Preliminary Hearing: This hearing is only set in felony cases, and is where the prosecutor must demonstrate that the government has sufficient evidence to hold the defendant to answer. The legal standard the prosecutor must meet is much lower than the standard at a trial; however, this hearing can be a critical part of a defense counsel's litigation strategy. If the prosecutor fails to establish each element of any charge, the Judge can dismiss the charge. Other motions, such as a motion to suppress evidence, can be litigated at this hearing. If the court binds over, on any charges, the trial phase begins.

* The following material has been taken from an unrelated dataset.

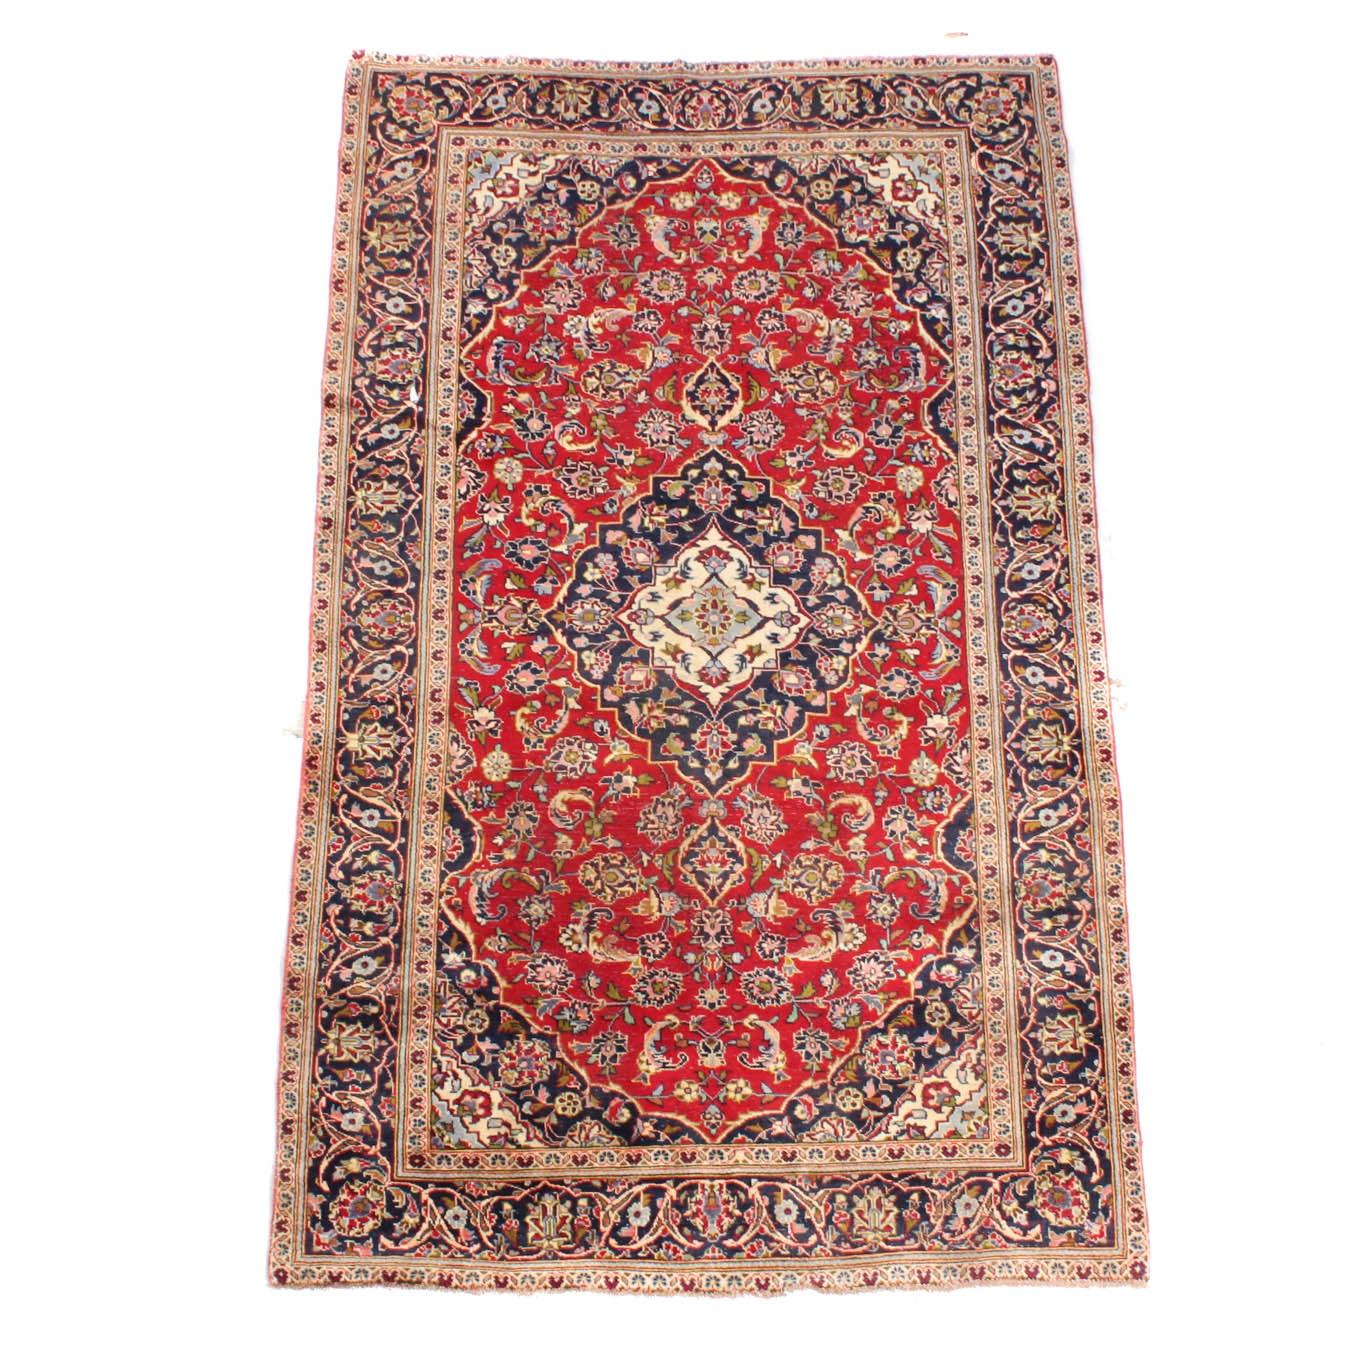 Vintage Hand-Knotted Persian Ardekan Kashan Rug

Trial: A defendant in a criminal case has a constitutional right to a trial. At trial the prosecutor must prove, beyond a reasonable doubt, each element of a criminal charge. The defense can negate the prosecutor's evidence by presenting it's own evidence. Trials are the cornerstone of the criminal court process; however, most cases resolve prior to trial. (The trial phase in felony case includes another arraignment and often another readiness conference).
Sentencing: After a guilty plea is entered, or a defendant is found guilty at trial, a "probation hearing and sentencing" will be set. Sometimes sentencing occurs at the time of the plea while in other cases the hearing will take place a few weeks after a plea or guilty verdict. Documentation and argument can be presented by the defense (and by the prosecution) to argue for a particular outcome.